DEVICEtranscutaneous auricular vagus nerve stimulation

Participants will receive active transcutaneous auricular vagus nerve stimulation plus tirzepatide 5 mg for 12 weeks. Active stimulation will be delivered to the bilateral cymba conchae, an auricular region innervated by the auricular branch of the vagus nerve. Stimulation will use an intermittent waveform of 15 seconds on and 5 seconds off at 20 Hz, with a pulse width of 0.2 ms.

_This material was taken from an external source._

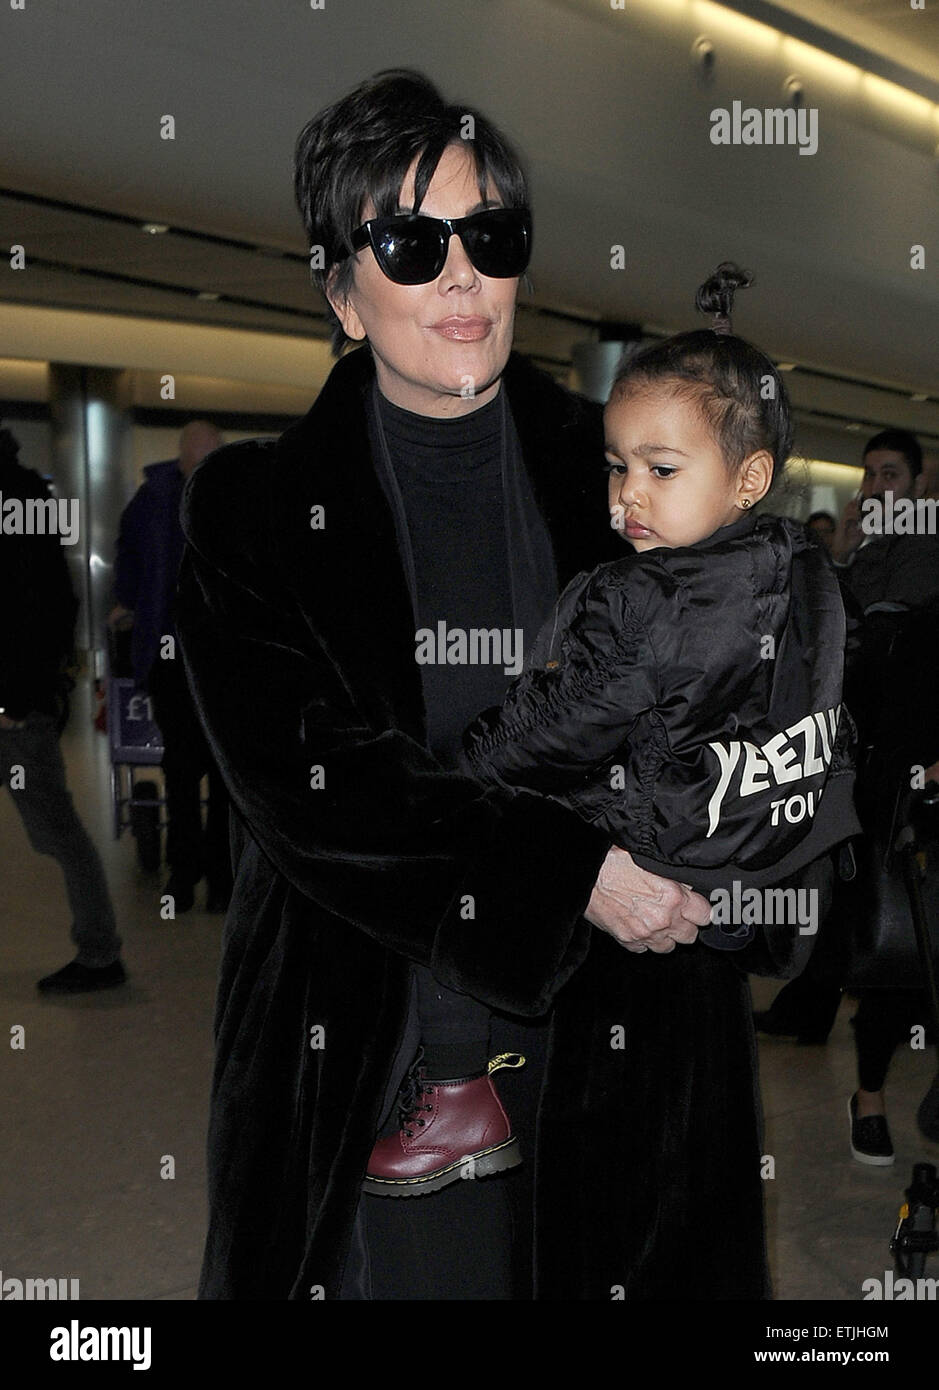 Kris Jenner, wearing a pair of Kanye West x Adidas Originals Yeezy 750 Boost,  arrives at Heathrow Airport carrying baby North West, who was wearing a 'Yeezus  Tour" bomber jacket in support

Stimulation intensity will be titrated from 0 mA to a level that produces mild tingling without obvious discomfort, usually 1.0-2.5 mA. Stimulation will be administered twice daily for 30 minutes per session, 5 days per week, for 12 weeks. Tirzepatide will be administered as a subcutaneous injection once weekly.

DEVICESham

Participants will receive sham stimulation in addition to tirzepatide 5 mg for 12 weeks. Sham stimulation will be applied to the bilateral tail of the helix, an auricular site without vagus nerve distribution, whereas active taVNS targets the cymba conchae, which is innervated by the auricular branch of the vagus nerve. The sham group will use the same waveform parameters, stimulation intensity titration, and treatment schedule as the active group, namely twice daily for 30 minutes per session, 5 days per week, for 12 weeks. Tirzepatide will be administered as a subcutaneous injection once weekly.